K-means distortion cost function


I’ve lived a lie, all my life I knew this thing as variance, as an estimator of a set of data points, now it ends up having a much fancier name.

Am I getting something wrong or what it tries to minimize is the variance of the closest data points? Thanks in advance

Hello @tgolvano,

No, it is not a lie. Here we are going to discuss a thing with three of their properties: name, appearance, and purpose.

Variance and the K-means’ cost has a different name, as you pointed out; very similar appearance, which perhaps is why you have posted this; but a very different purpose, which we should also consider in order for us to conclude that it is not a lie.

We can skip the names for now.

For the appearance, generally speaking, x^{(i)} is a vector, and the variance of a vector (actually called the variance-covariance matrix of a vector) is NOT in the form that is shown there. I do not want to get to that details here but if you search for it, you will see something very different. At least that it is matrix for the real variance of a vector; BUT it is a scalar for the cost for K-means. The matrix is only reduced to also a scalar only if x^{(i)} is a scalar, and in this single, very special scenario might you refer the cost as the sum of variance of different groups. BUT it is a very special scenario which means it is generally NOT TRUE that the variance of x^{(i)} is mathematically equal to the cost for K-means.

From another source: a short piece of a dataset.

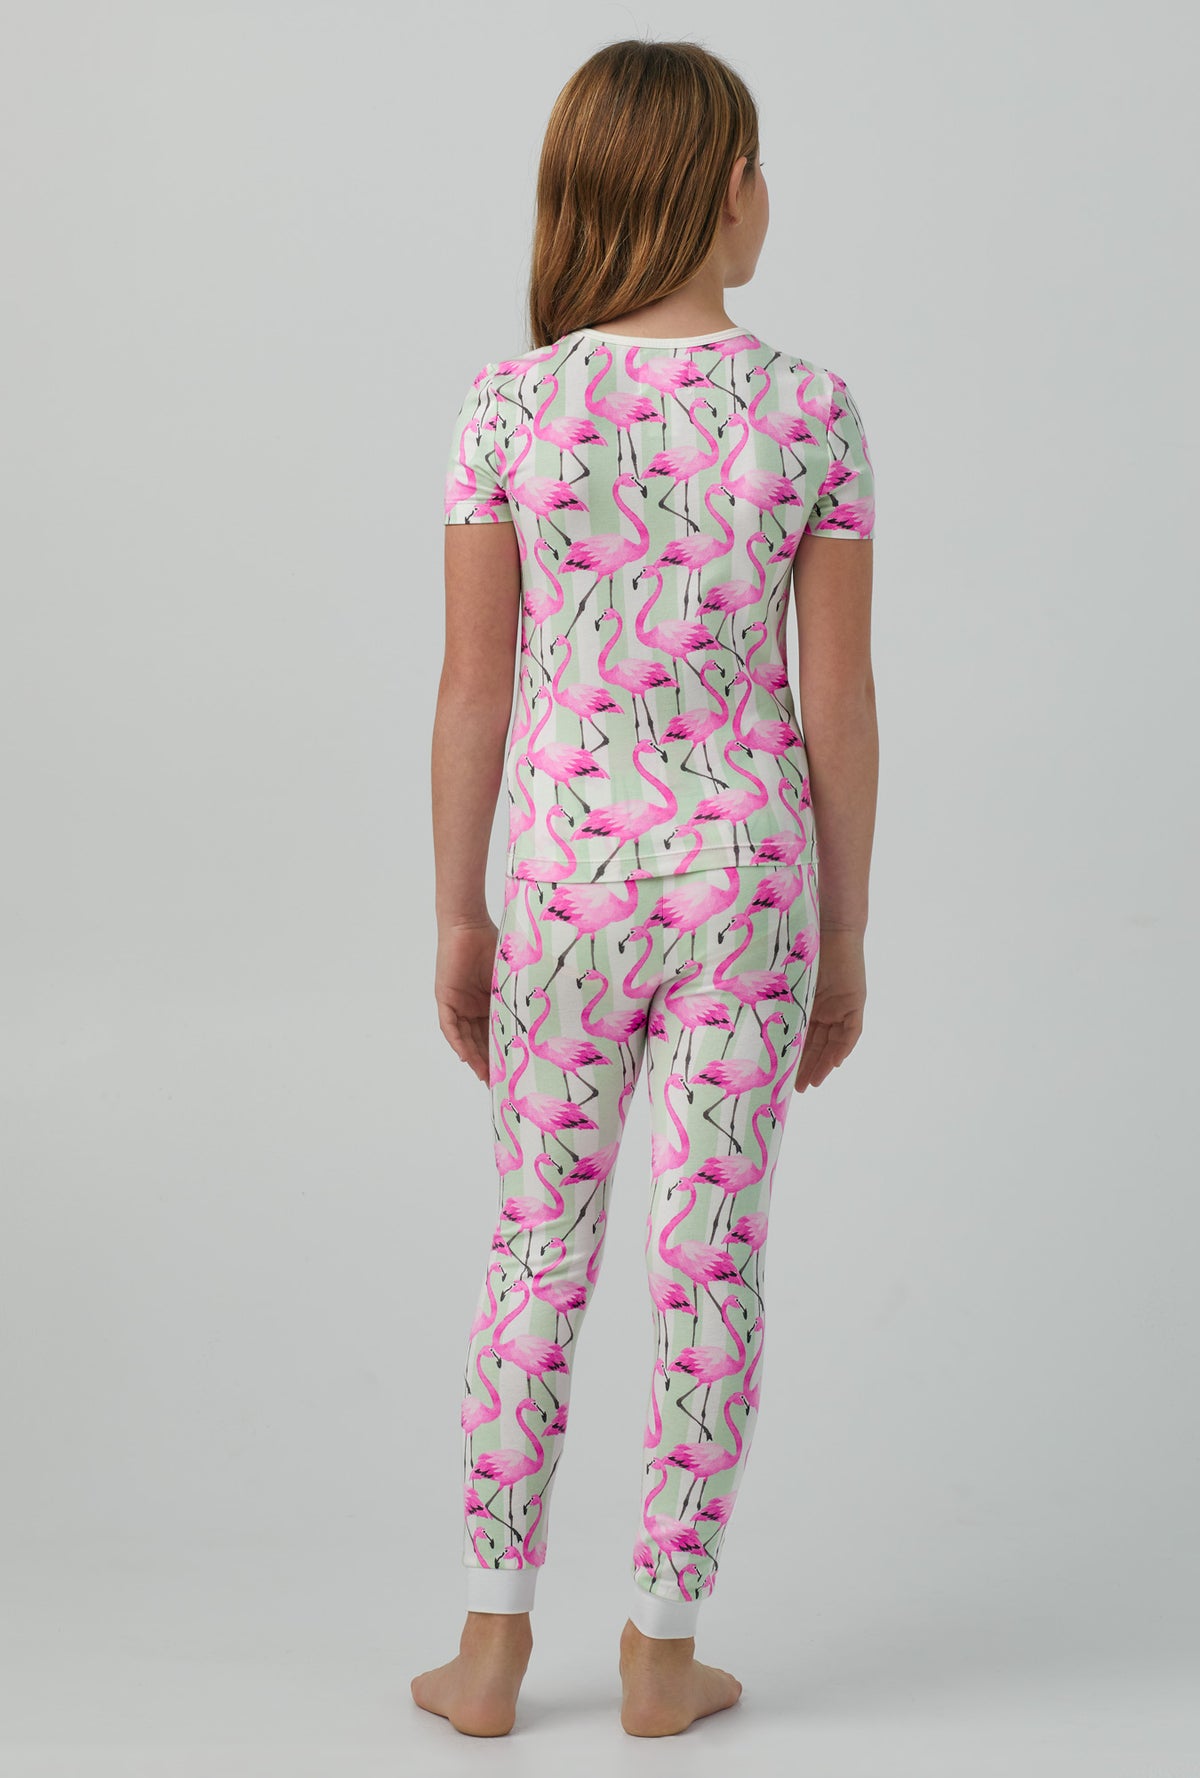 A girl wearing Short Sleeve Stretch Jersey Kids PJ Set with  Flamingo Bay print
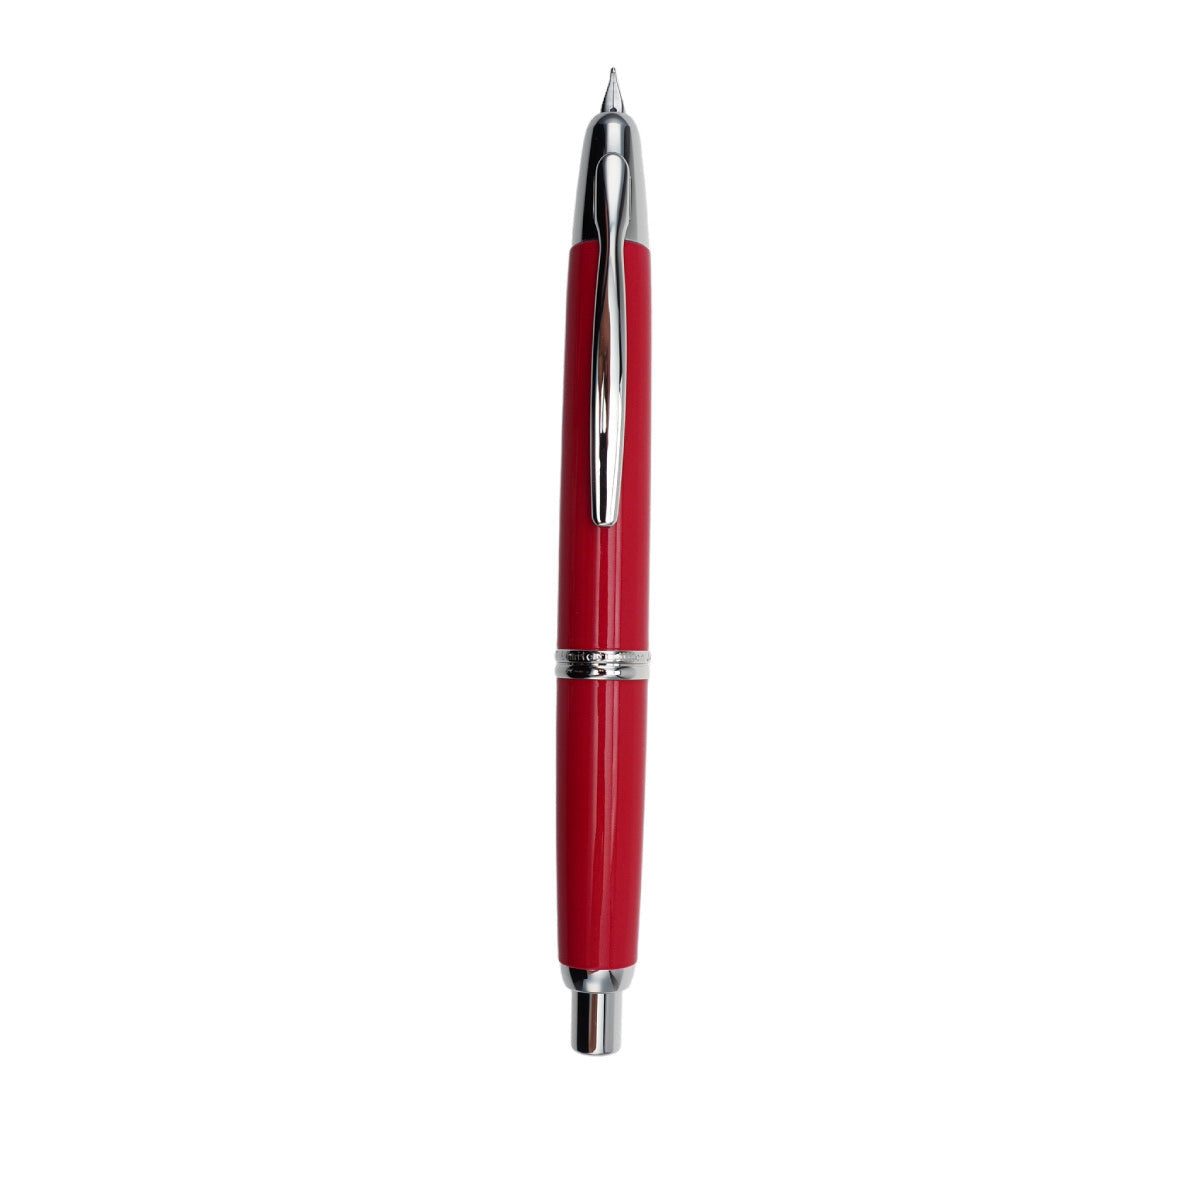 Pilot Capless Ltd 2022 Red Coral fountain pen

Now comes the purposes. They have different names which reflect their different purposes. When x^{(i)} is a vector, the (I am going to use the actual name from now on) variance-covariance matrix speaks about the variance of each dimension of the vector, and the covariance between any two dimensions of the vector. The cost function for K-means, however, measure the distances between each x^{(i)} to its group center \mu_c^{(i)} by taking the L2-Norm (the \|..\| thing) which effectively ALWAYS reduces all dimensions into a scalar. We use the scalar to determine collectively how close the data points are to their respective centers. This is the different purpose.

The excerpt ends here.